WHAT TO PRODUCE:
Copy the data below exactly, omitting any picture it contains.

═════ STORED DATA ═════

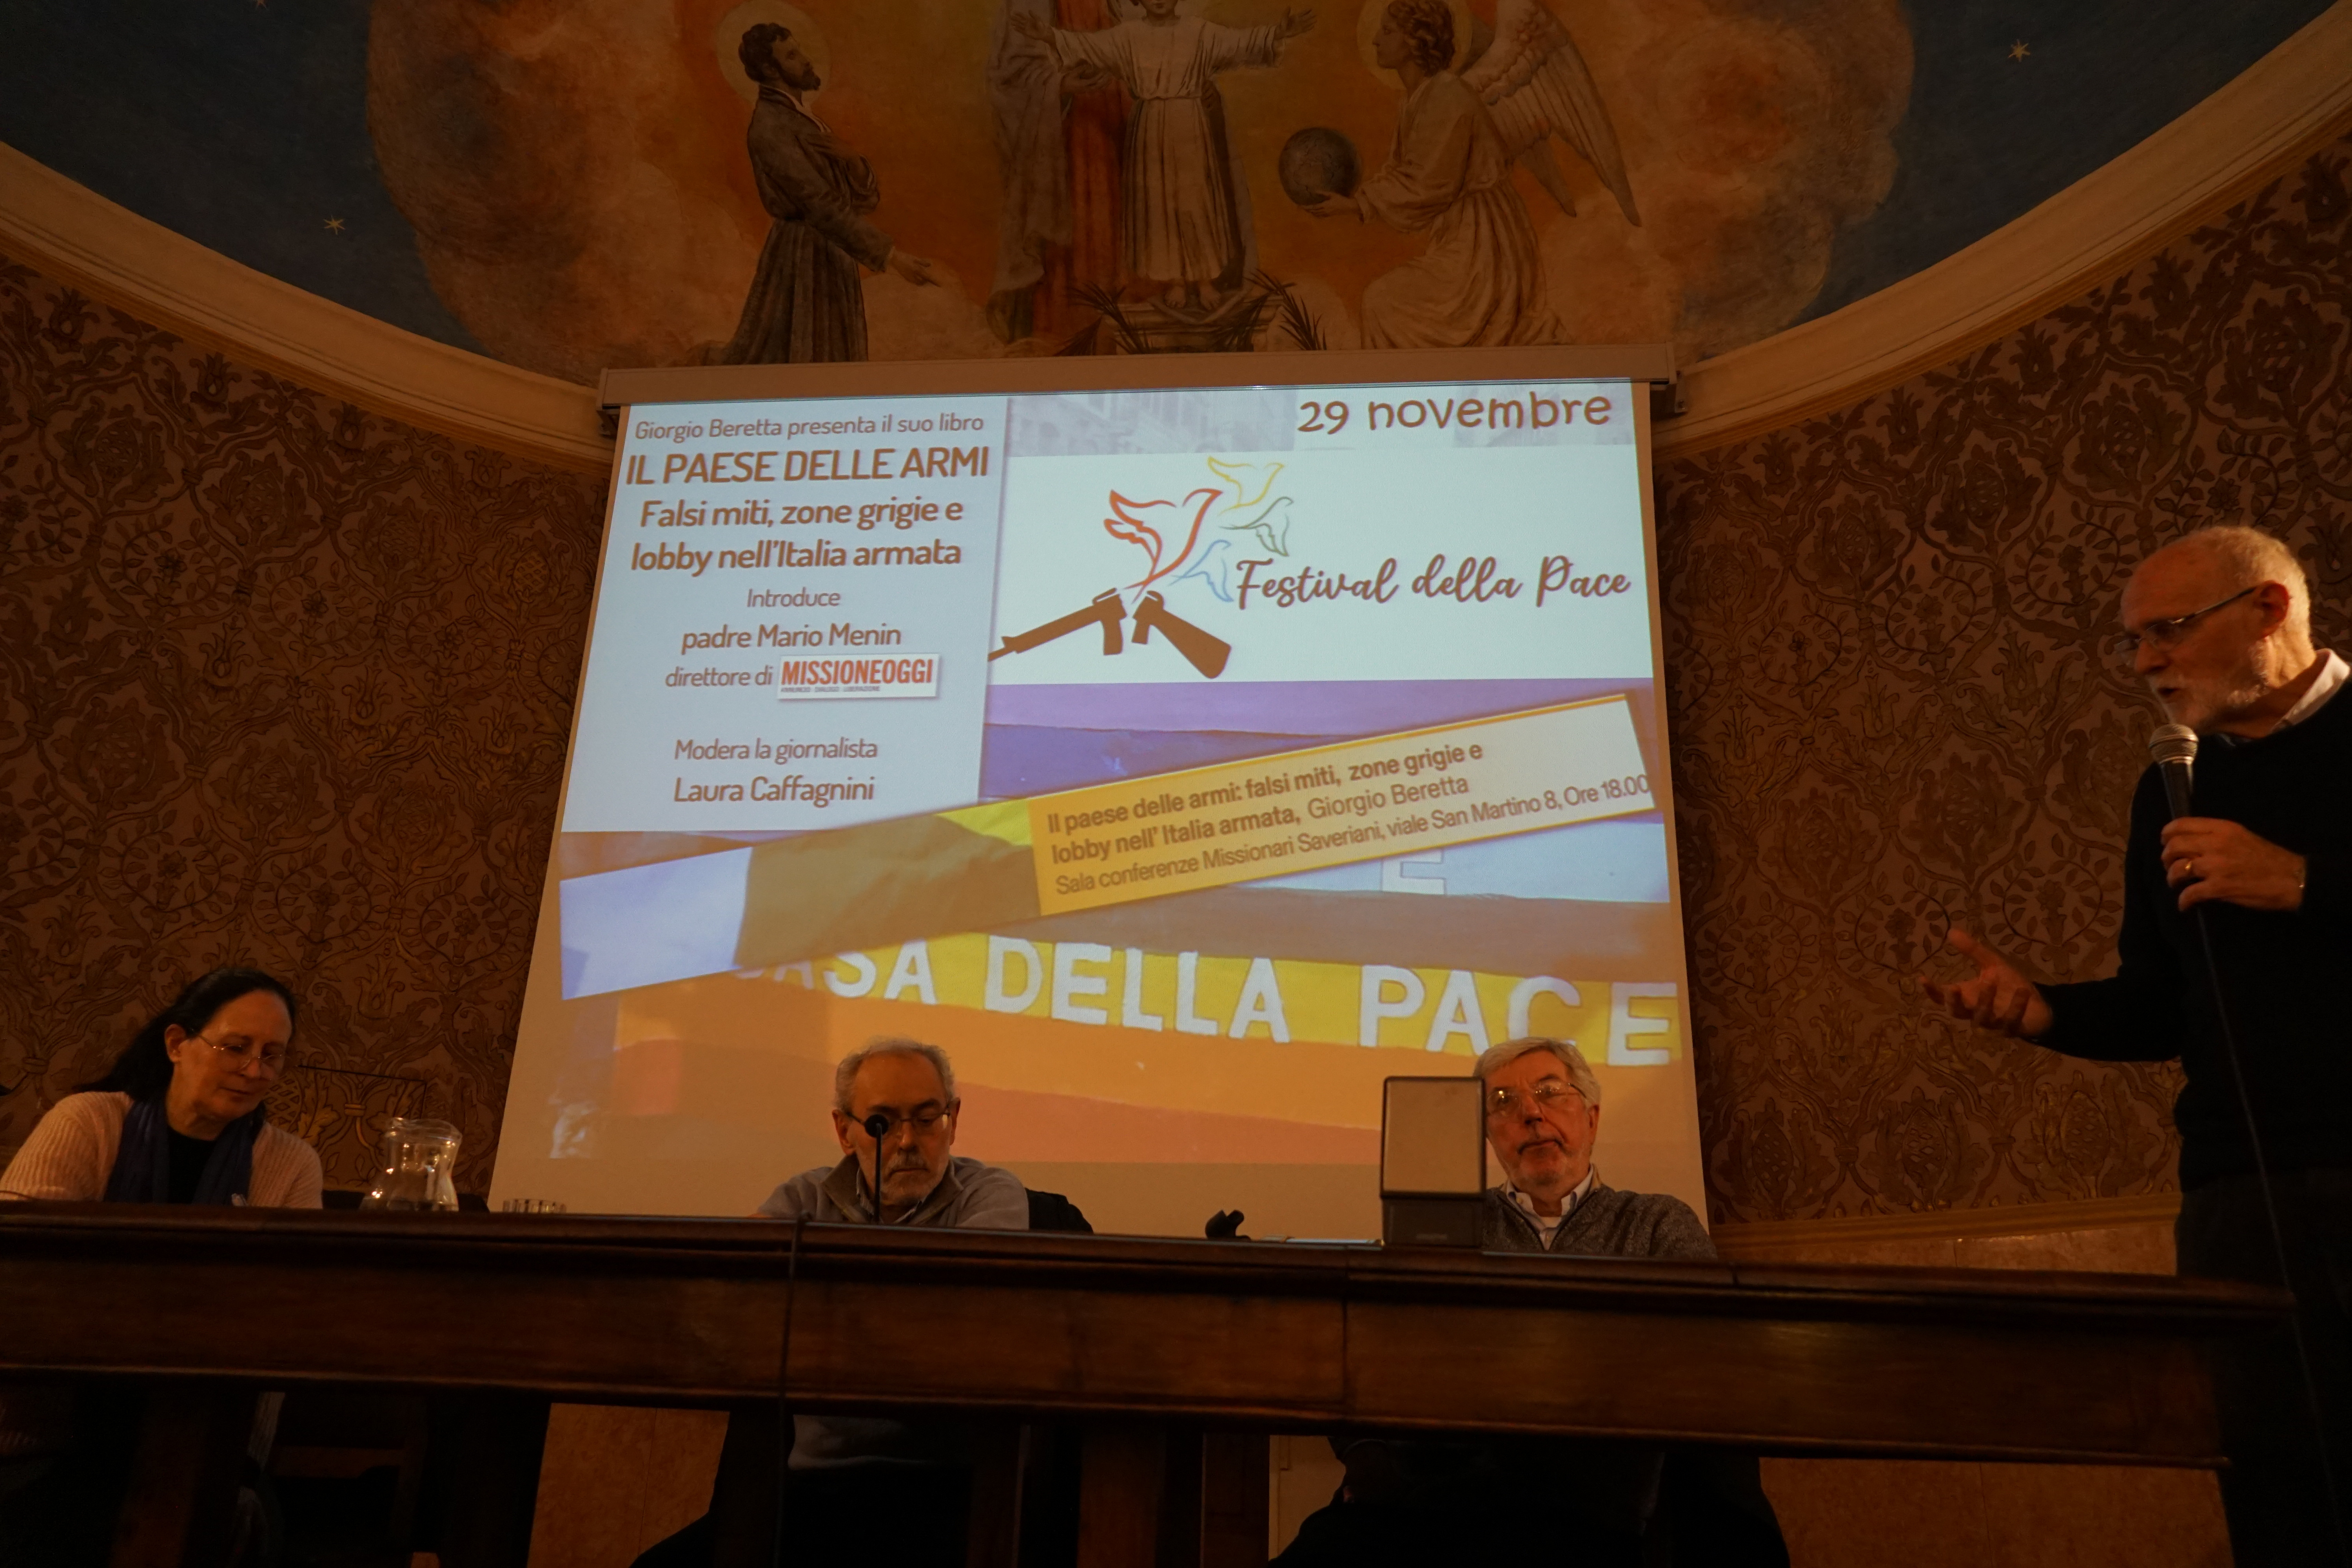 Presentazione del libro “Il paese delle armi: Falsi miti, zone grigie e lobby nell’Italia armata” di Giorgio Beretta
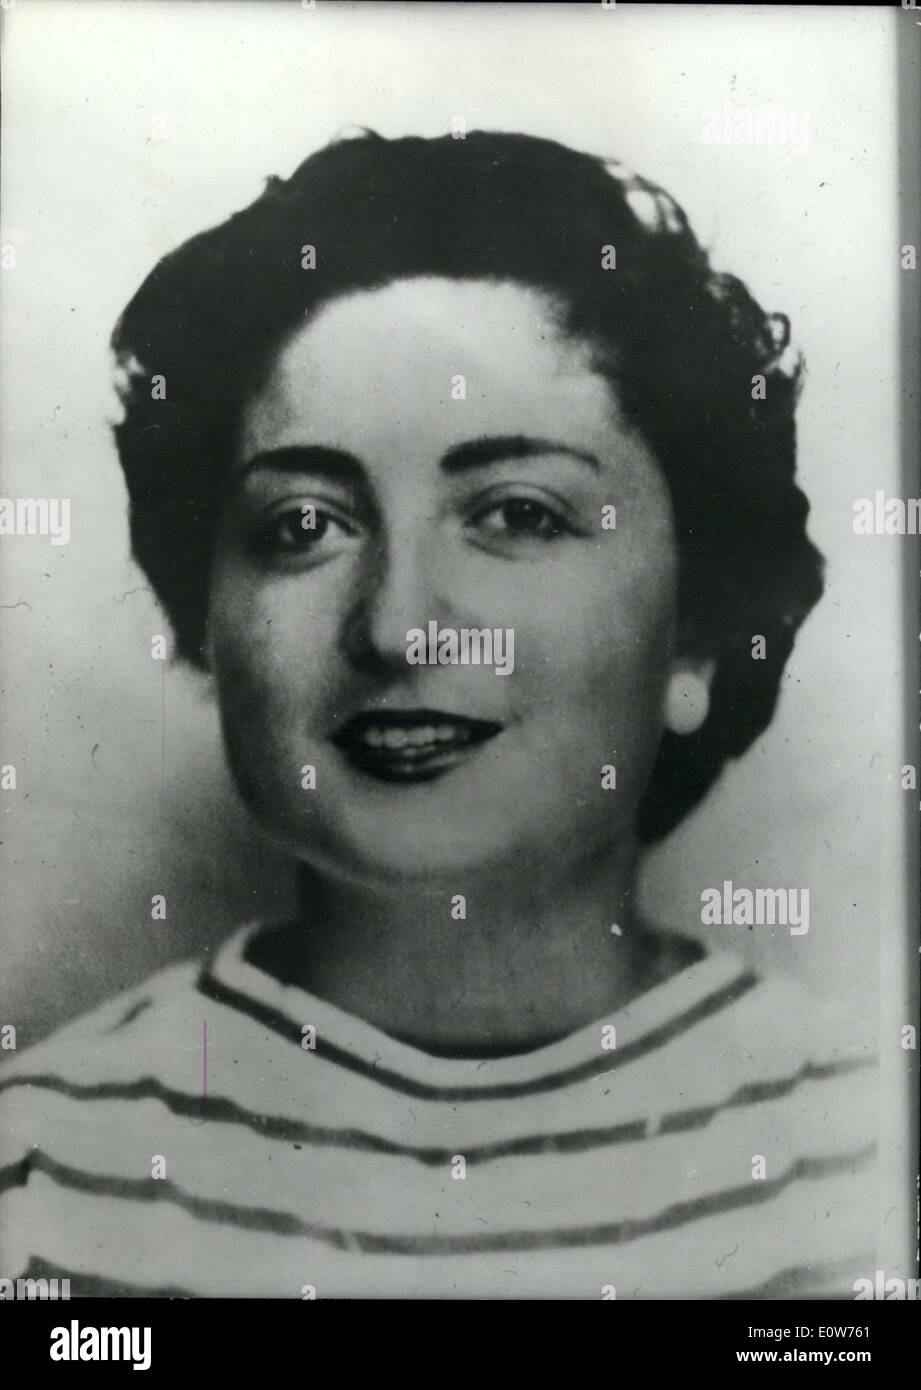 Septembre 05, 1961 - 500 millions de dollars de bijoux ont été volés par Sacha et trouvés à son domicile. Pictur Banque D'Images
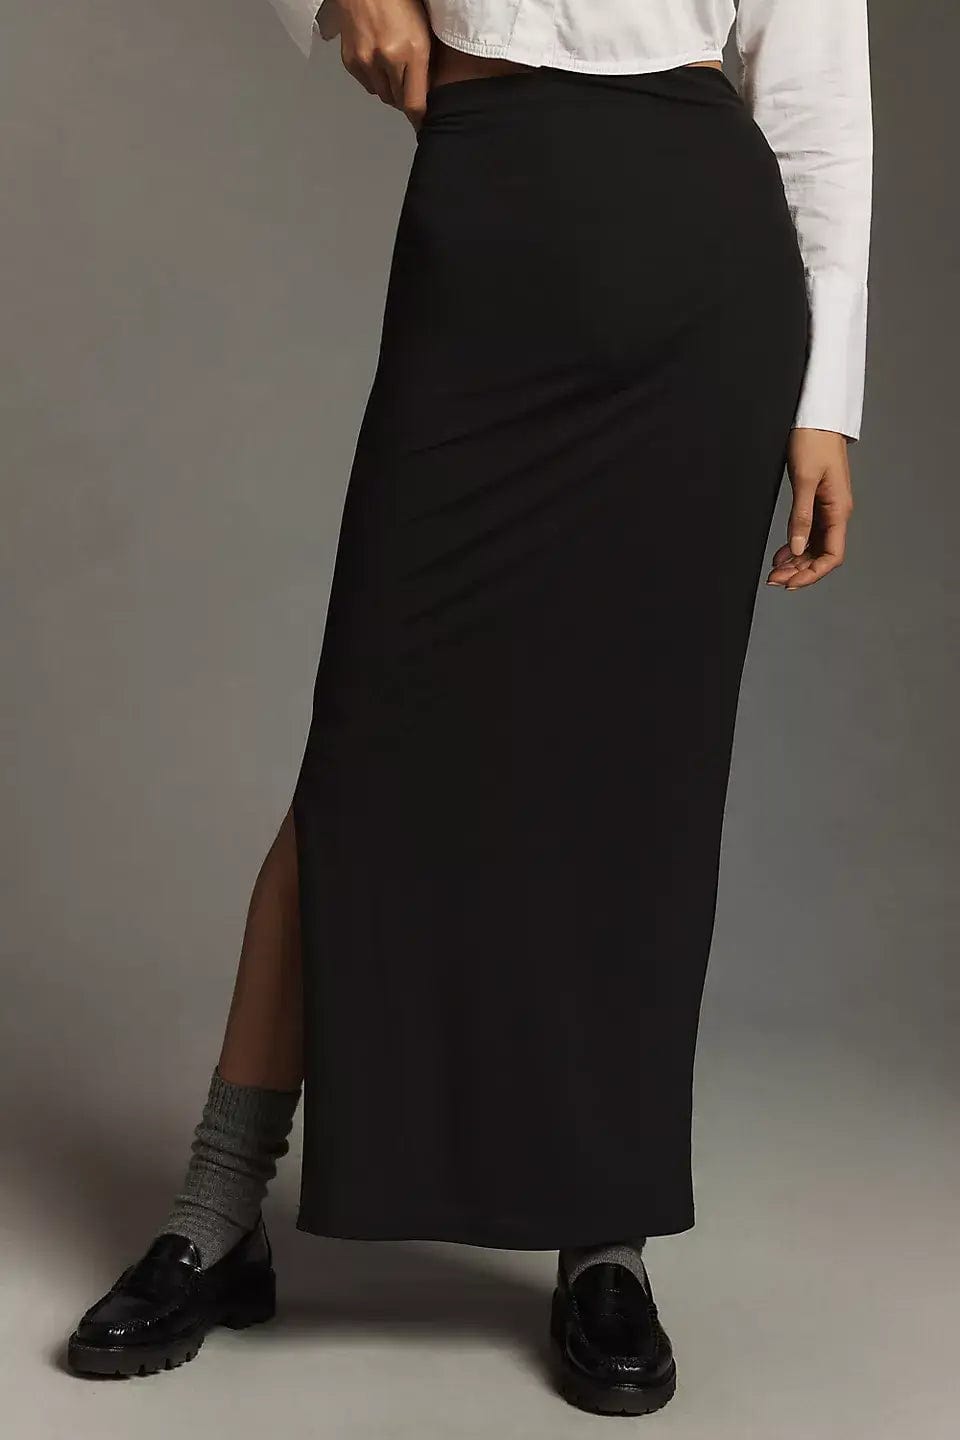 Velvet Skirts Velvet - Hilton Long Skirt in Black

═════

FINAL ANSWER:
 Presentazione del libro “Il paese delle armi: Falsi miti, zone grigie e lobby nell’Italia armata” di Giorgio Beretta
 Septembre 05, 1961 - 500 millions de dollars de bijoux ont été volés par Sacha et trouvés à son domicile. Pictur Banque D'Images
 Velvet Skirts Velvet - Hilton Long Skirt in Black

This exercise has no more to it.